Start of EXCERPTED DATA

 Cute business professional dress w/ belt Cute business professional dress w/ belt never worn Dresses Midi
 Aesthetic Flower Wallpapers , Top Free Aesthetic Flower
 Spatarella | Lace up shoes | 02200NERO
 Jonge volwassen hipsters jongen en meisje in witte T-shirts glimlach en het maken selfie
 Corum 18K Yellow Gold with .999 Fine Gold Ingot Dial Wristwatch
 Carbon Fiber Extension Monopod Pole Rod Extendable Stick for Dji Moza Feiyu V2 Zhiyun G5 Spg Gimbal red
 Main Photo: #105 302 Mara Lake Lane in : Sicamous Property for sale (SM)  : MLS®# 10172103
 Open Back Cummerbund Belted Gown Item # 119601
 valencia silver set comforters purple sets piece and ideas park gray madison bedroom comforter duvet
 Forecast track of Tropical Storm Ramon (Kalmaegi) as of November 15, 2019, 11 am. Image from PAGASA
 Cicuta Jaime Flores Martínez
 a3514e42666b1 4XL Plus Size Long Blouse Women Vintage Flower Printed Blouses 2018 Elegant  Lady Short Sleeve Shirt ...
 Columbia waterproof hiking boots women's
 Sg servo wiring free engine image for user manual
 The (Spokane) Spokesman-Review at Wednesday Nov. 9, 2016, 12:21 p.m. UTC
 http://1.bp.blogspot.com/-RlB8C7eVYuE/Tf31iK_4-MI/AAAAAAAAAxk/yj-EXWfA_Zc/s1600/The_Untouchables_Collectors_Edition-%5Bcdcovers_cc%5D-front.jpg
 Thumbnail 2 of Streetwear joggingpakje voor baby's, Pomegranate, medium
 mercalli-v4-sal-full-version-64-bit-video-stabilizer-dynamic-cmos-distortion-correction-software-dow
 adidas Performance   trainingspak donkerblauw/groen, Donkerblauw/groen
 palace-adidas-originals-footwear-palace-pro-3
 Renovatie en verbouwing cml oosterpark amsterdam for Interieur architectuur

End of EXCERPTED DATA

◆ **WORK TASK**: Lines with "Flower" in the records above: copy every one of them.

◆ **RESPONSE**:
 Aesthetic Flower Wallpapers , Top Free Aesthetic Flower
 a3514e42666b1 4XL Plus Size Long Blouse Women Vintage Flower Printed Blouses 2018 Elegant  Lady Short Sleeve Shirt ...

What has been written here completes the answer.